# Project 4:  Web Scraping for Retail Arbitrage

### Finding Underpriced RVs on Craigslist

Goal Statement: to programmatically compare the cost of one specific item available for sale on Craigslist in multiple different cities to calculate if a retail arbitrage business (buying in a cheaper location and reselling in a more expensive one) could hypothetically be lucrative. 
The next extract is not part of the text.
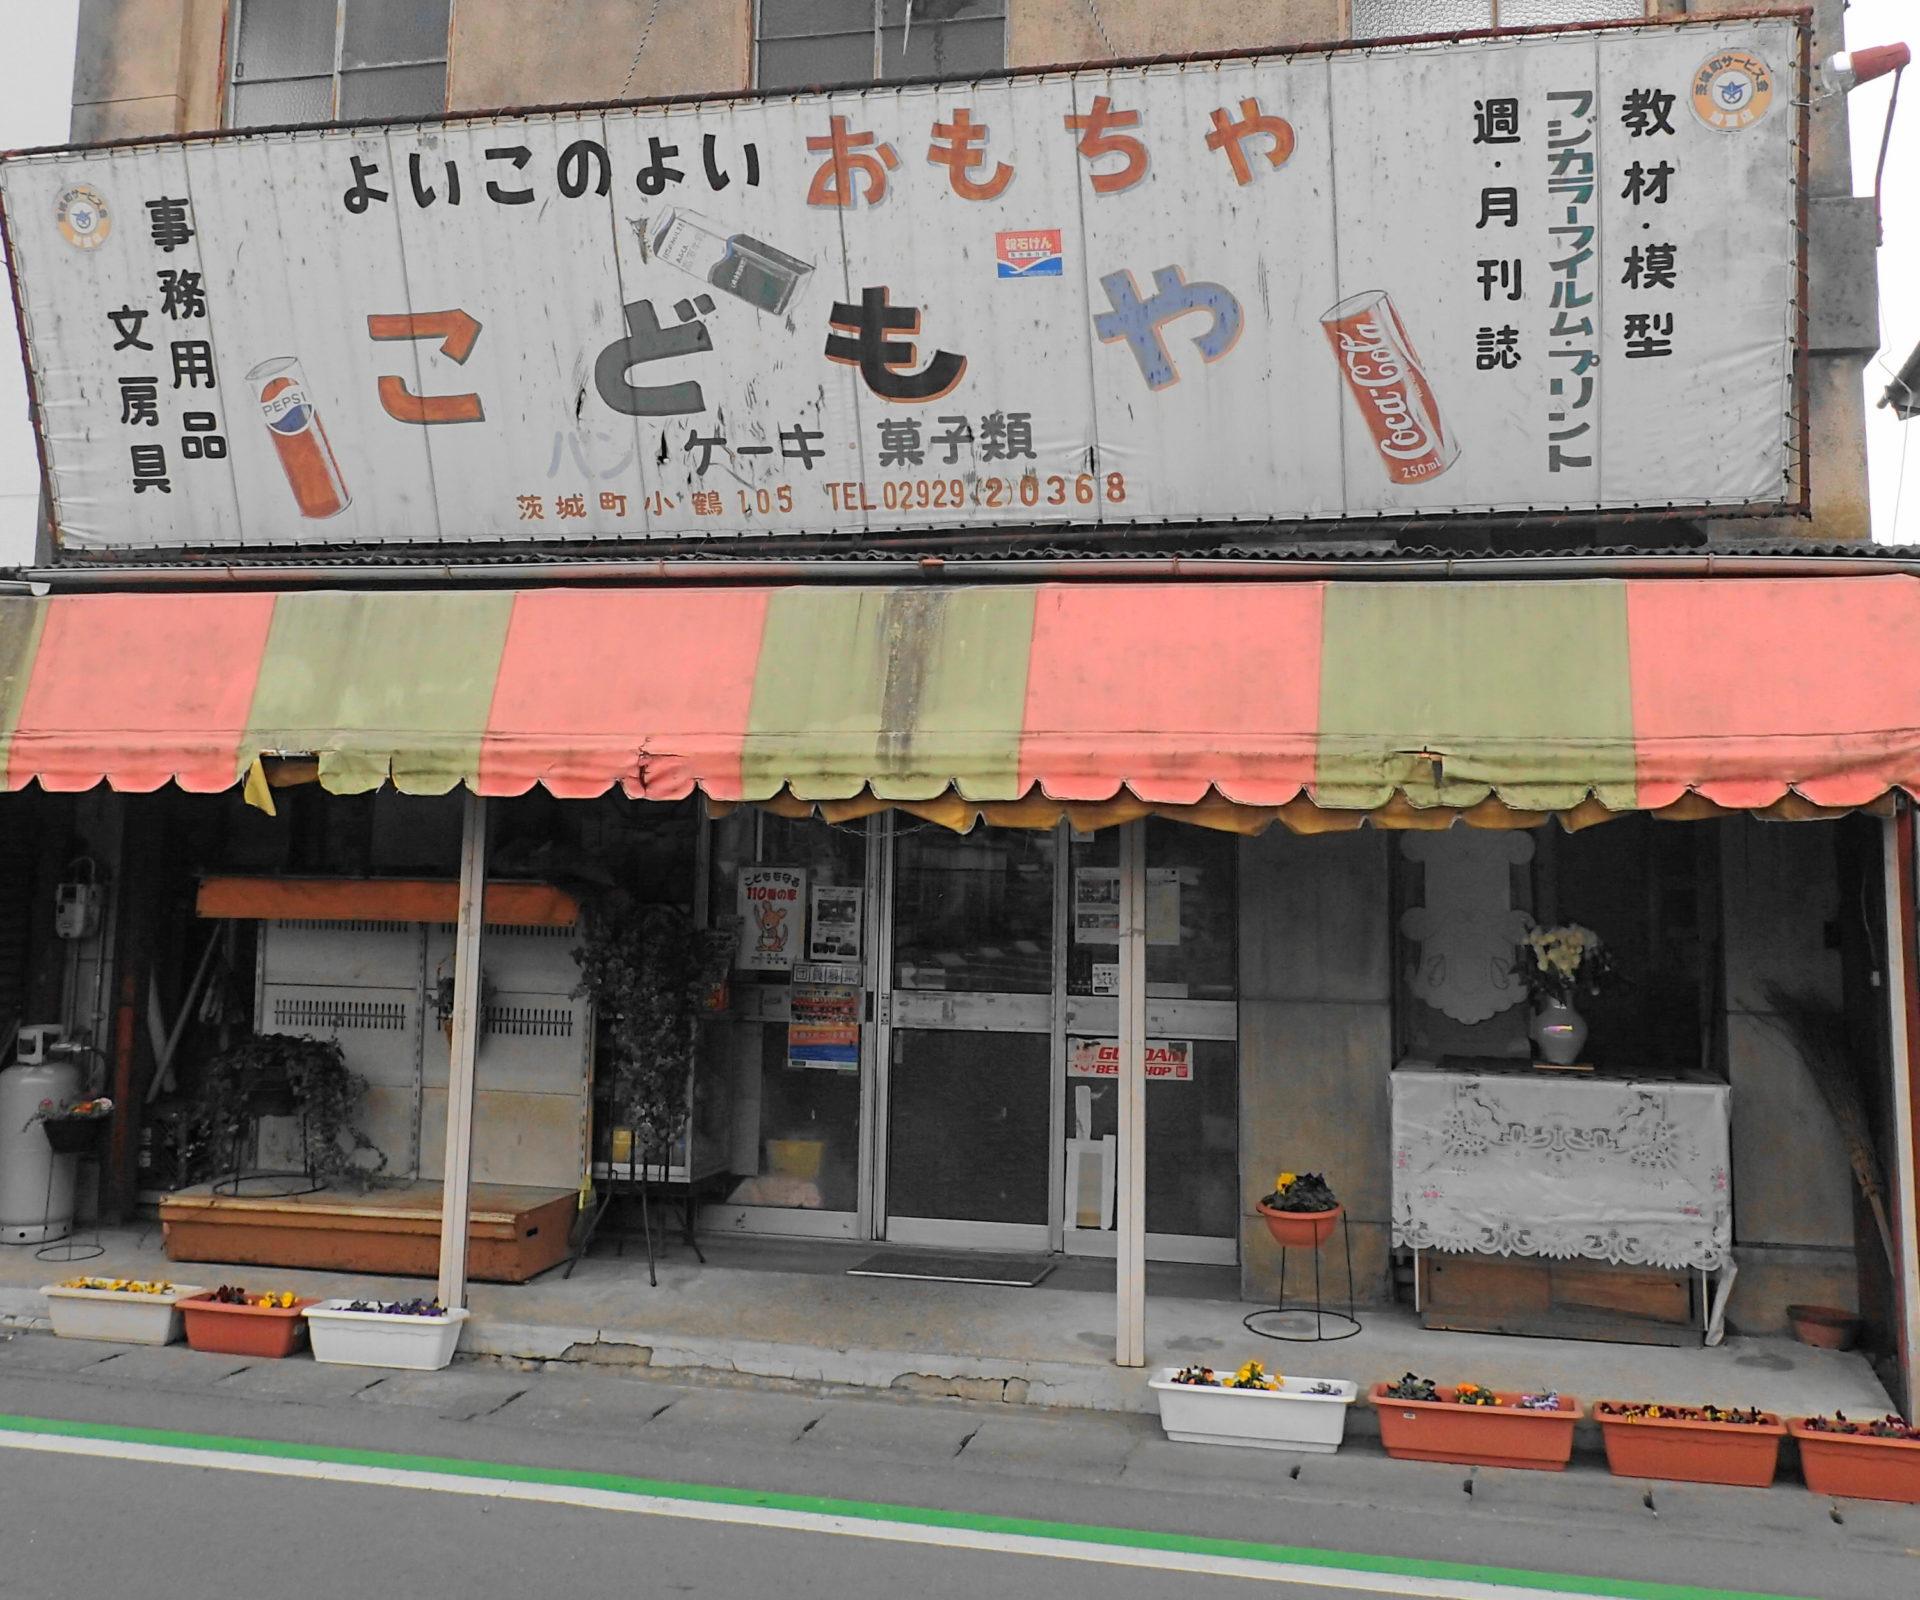 こどもや@茨城町小鶴|レトロなお店で駄菓子&玩具!! - いばらじお♪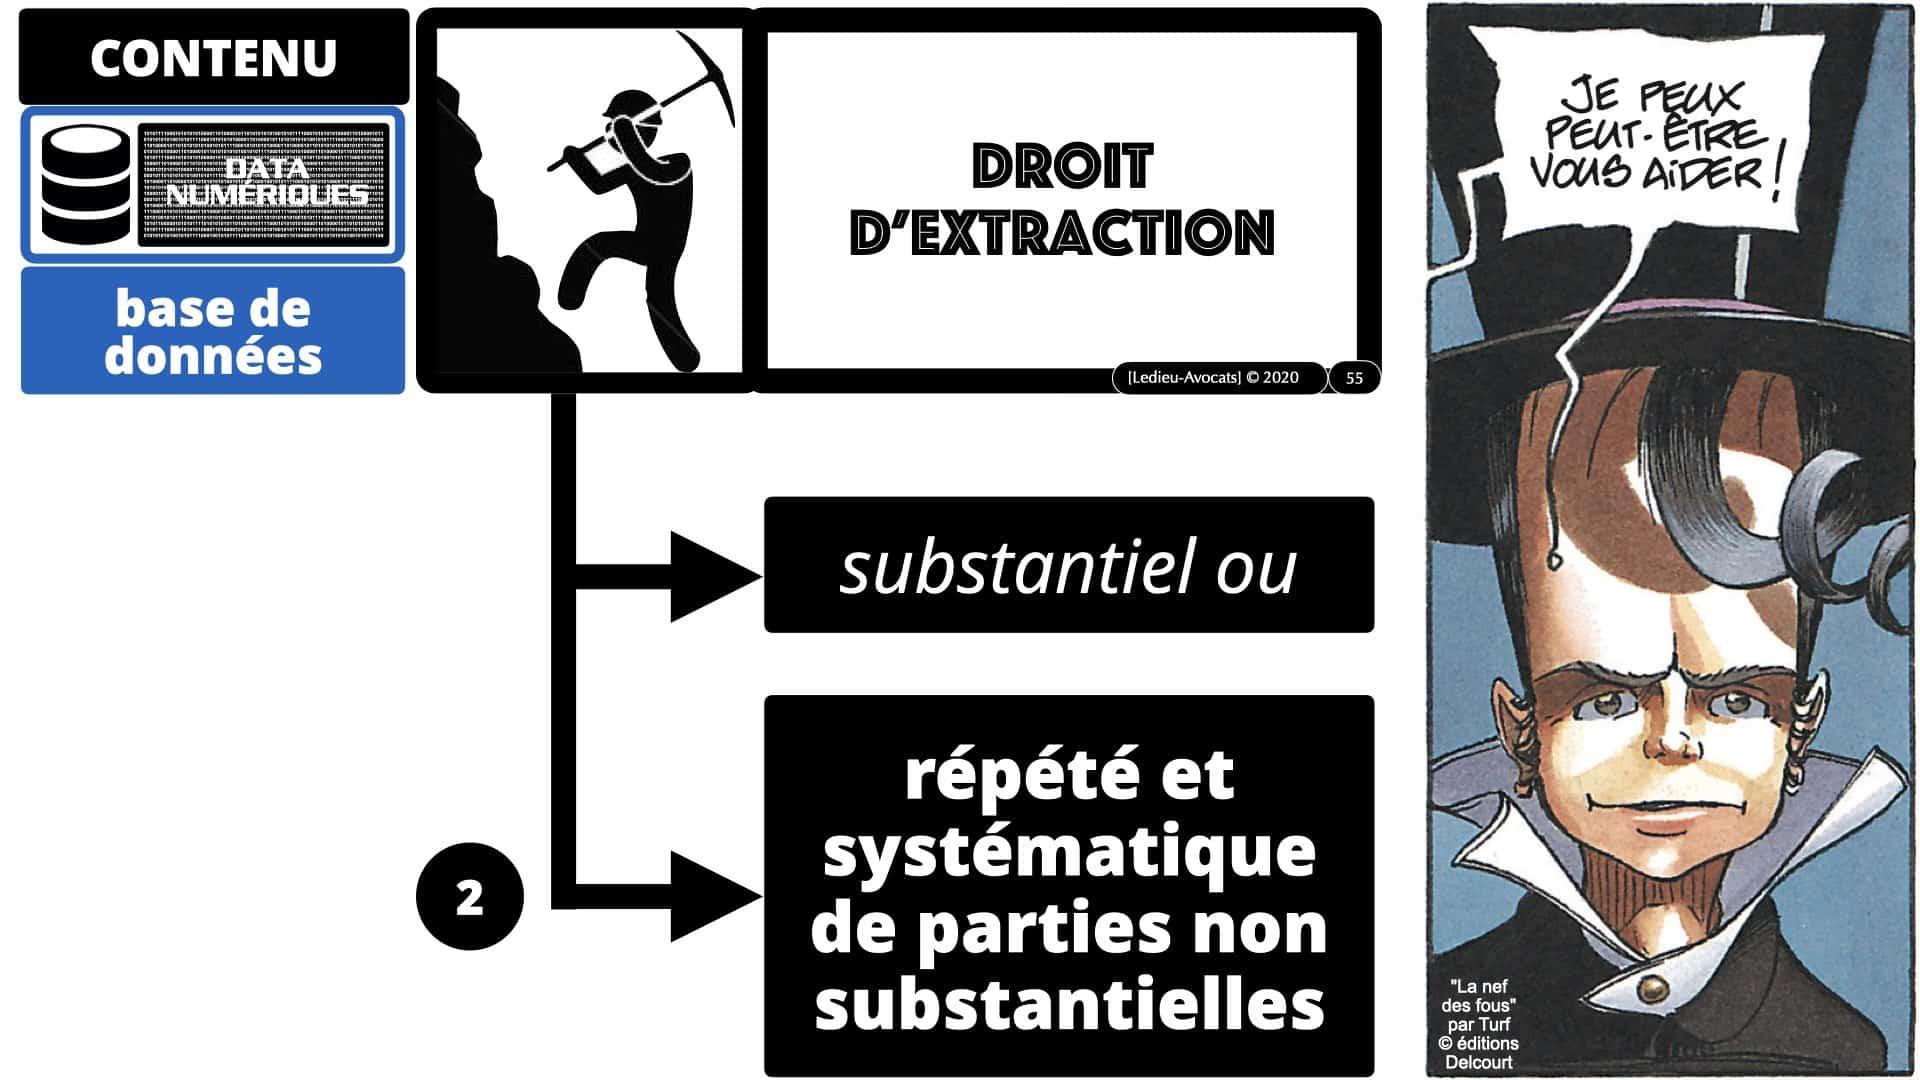 314 PRO BTP © Ledieu-avocat 03-12-2020.055

For the sake of clarity, I have examined if it is cheaper to buy elsewhere and sell in Los Angeles, California. 

In [1]:
# PREP REQUIRED LIBRARIES
import pandas as pd
import numpy as np
from scrapy.selector import Selector
from scrapy.http import HtmlResponse
from bs4 import BeautifulSoup
import requests



## 1)  Procure a list of the largest US cities from Wikipedia 

In [2]:
# SCRAPE WIKIPEDIA FOR LARGEST US CITIES (NON-EXHAUSTIVE LIST)
r = requests.get("https://en.wikipedia.org/wiki/List_of_United_States_cities_by_population").text


In [3]:
import string

##get list of city names

aa = Selector(text=r).xpath('//*[@id="mw-content-text"]/table[4]//td[2]//text()').extract()
coords = Selector(text=r).xpath("//span[@class='geo']/text()").extract()
coords_pair = Selector(text=r).xpath("//span[@class='fn org']/text()").extract()


In [4]:
###clean the named outputs, make lowercase and no spaces for better string match

output = []
for i in coords_pair:      
    clean = ''
    for elm in i.split():                 
        if elm[0] in string.letters:
            clean+=elm.lower()
    output.append(clean)

    
output = [i.encode("ascii", "ignore")for i in output]
coords = [i.replace(";",",").encode("ascii") for i in coords]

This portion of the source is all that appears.